Click to expand Requirements: Python 3.10 or higher.

First, install uv (a drop-in, faster replacement for pip):

# via the official install script
curl -Ls https://astral.sh/uv/install.sh | sh
# or with Homebrew
brew install astral-sh/uv/uv

Then install the package and core dependencies:

git clone https://github.com/jacobphillips99/protorubric
cd protorubric
uv pip install -r requirements.txt     # core deps
uv pip install -e .                    # editable install
  1. (Optional) Install visualization dependencies:

    uv pip install -r requirements-viz.txt
  2. Install Graphviz for network diagrams:

    • macOS: brew install graphviz
    • Ubuntu/Debian: sudo apt-get install graphviz

Credentials and configuration

  • Set API keys as environment variables (inferred from configured providers):
    • OPENAI_API_KEY, ANTHROPIC_API_KEY, GEMINI_API_KEY
  • Optional environment variables:
    • PROTORUBRIC_LOG_LEVEL (default: ERROR)
    • PROTORUBRIC_INVALIDATE_CACHE (set to True to bypass the on-disk cache)
  • Rate limits and available providers/models come from rate_limits.yaml.
  • Token-aware rate limits are enforced per rate_limits.yaml with the llm-rate-limiter package.

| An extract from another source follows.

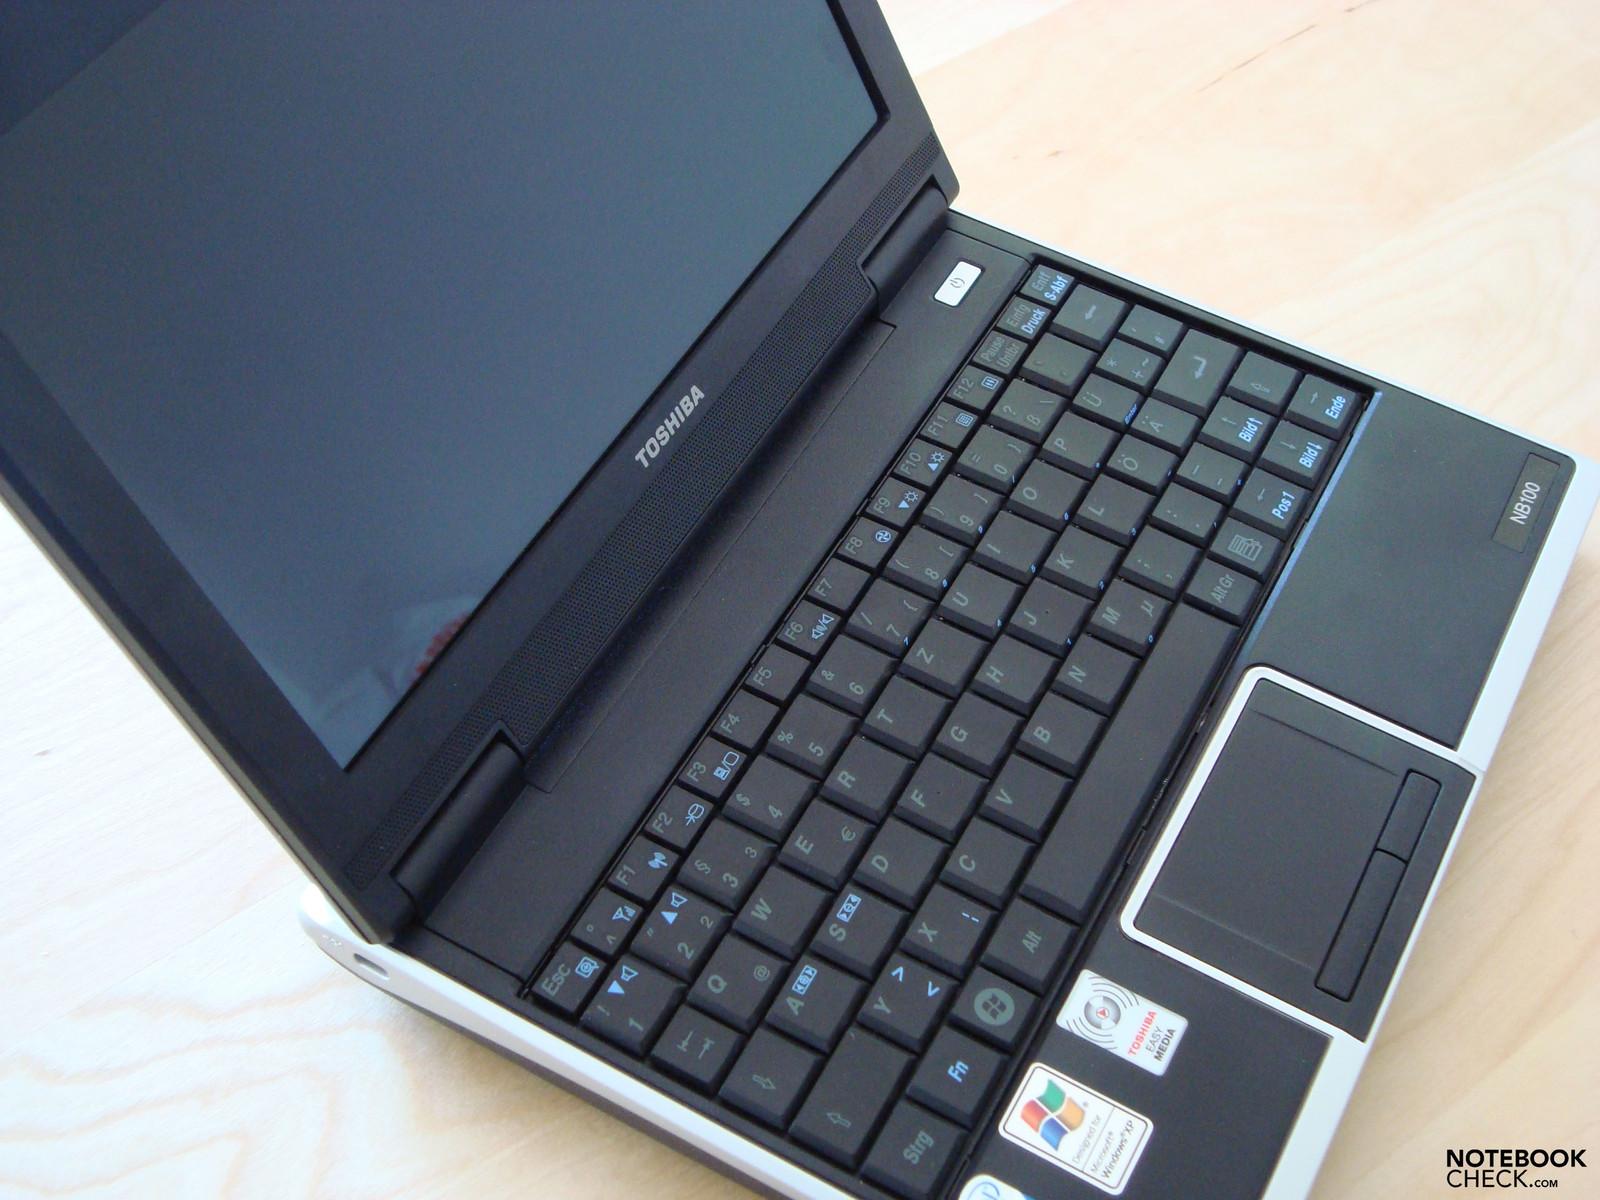 Toshiba NB100 laptop drivers for Windows 10 x64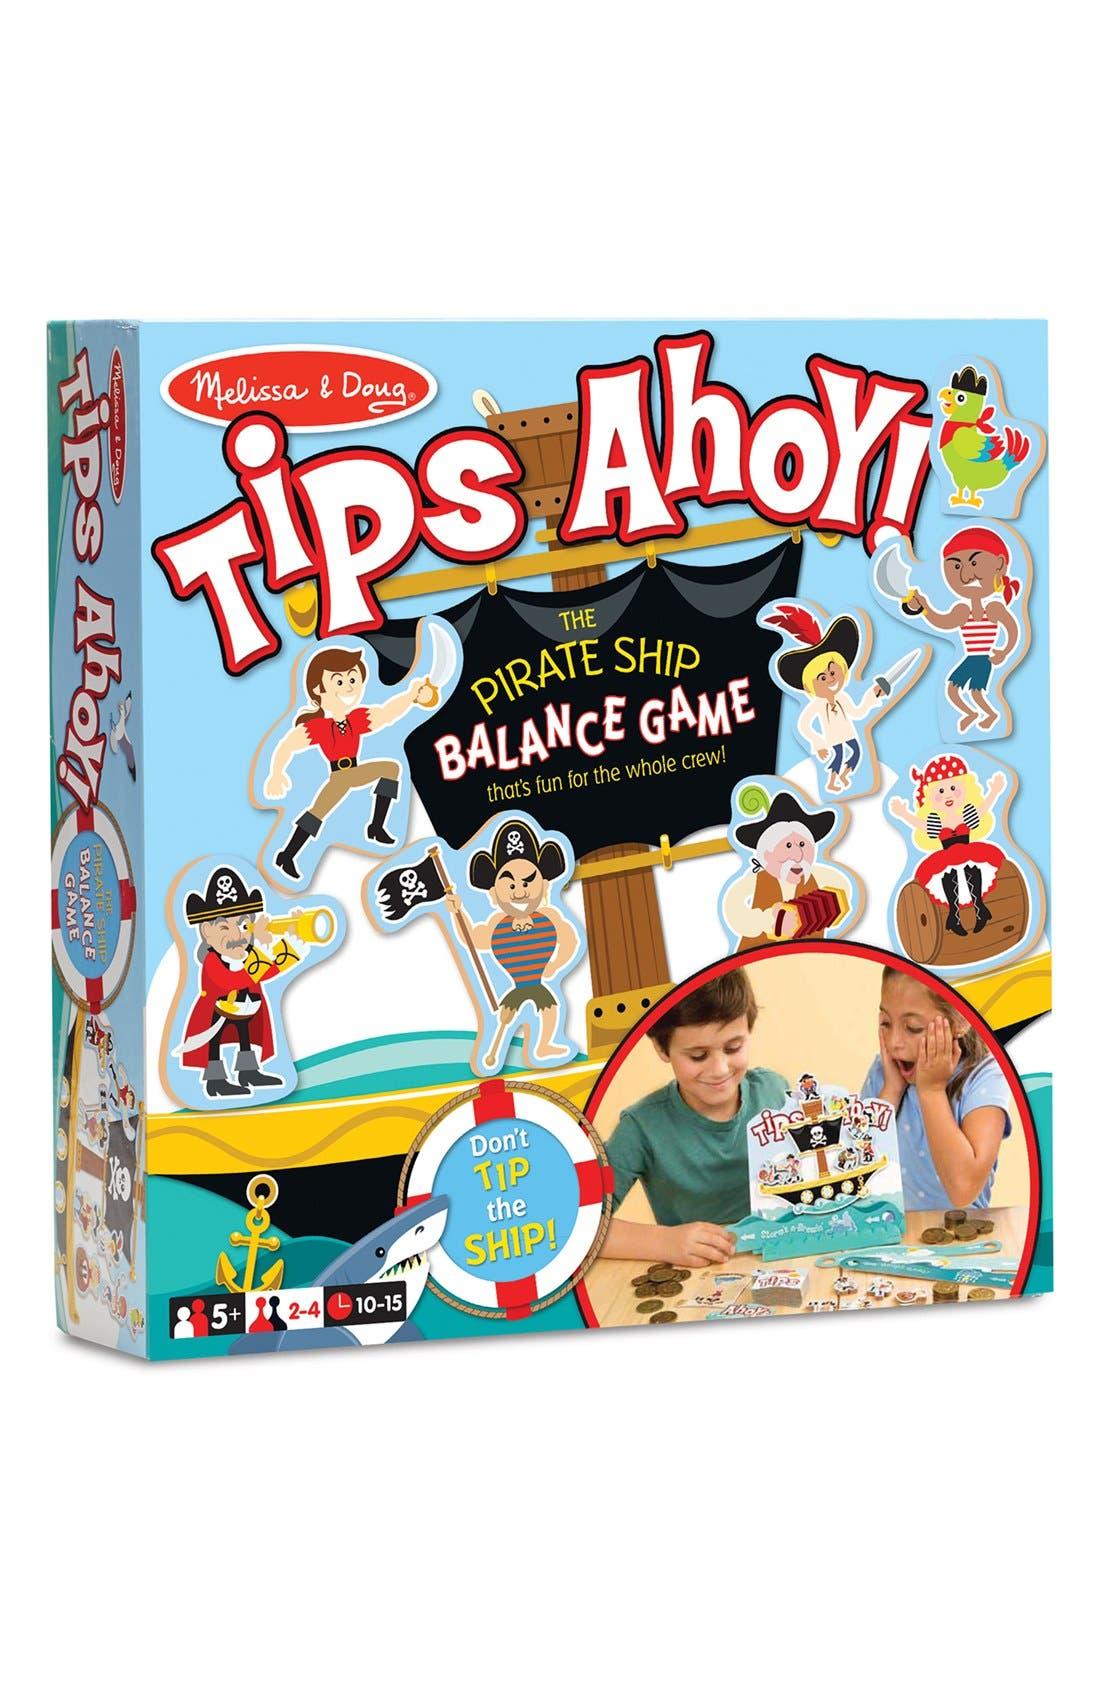 Melissa & Doug 'Tips Ahoy' Game

See LLM Rate Limiter.

Quick Start

Define a rubric

Create a rubric file, either in YAML or code, describing scoring, evaluators, aggregators, and requirements. Example in assets/examples/example_configs/test_rubric.yaml or scripts/healthbench/healthbench_to_open_rubric_utils.py.

You can also create a rubric in code:

Style-guide Rubric example Construct a rubric for grading a response based on grammar and tone.
from protorubric.configs.evaluating import ModelEvaluatorConfig
from protorubric.configs.query import QueryConfig
from protorubric.configs.requirement import RequirementConfig
from protorubric.configs.aggregating import WeightedAverageAggregatingConfig
from protorubric.rubric import Rubric

llm_judge = ModelEvaluatorConfig(model="gpt-4o", provider="openai")

grammar_requirement = RequirementConfig(
   name="grammar",
   query=QueryConfig(instruction="Is the response grammatically correct?", scoring_config="binary"),
   evaluator=llm_judge,
)

tone_requirement = RequirementConfig(
   name="tone",
   query=QueryConfig(instruction="What tone does the response have?", scoring_config="unit_scalar"),
   evaluator=llm_judge,
)

overall_score_requirement = RequirementConfig(
   name="overall_score",
   aggregator=WeightedAverageAggregatingConfig(weights=[0.9, 0.1]),
   dependency_names=["grammar", "tone"],
)

rubric = Rubric(requirements=[grammar_requirement, tone_requirement, overall_score_requirement])
Job Rubric example

Construct a rubric for determining whether the valuation of Scale AI is over 25 billion dollars.

from protorubric.configs.evaluating import ModelEvaluatorConfig, PassThroughEvaluatorConfig
from protorubric.configs.query import QueryConfig, NullQueryConfig
from protorubric.configs.requirement import RequirementConfig
from protorubric.configs.aggregating import AllAggregatingConfig, LLMAggregatingConfig
from protorubric.rubric import Rubric

llm_judge = ModelEvaluatorConfig(model="gpt-4o", provider="openai")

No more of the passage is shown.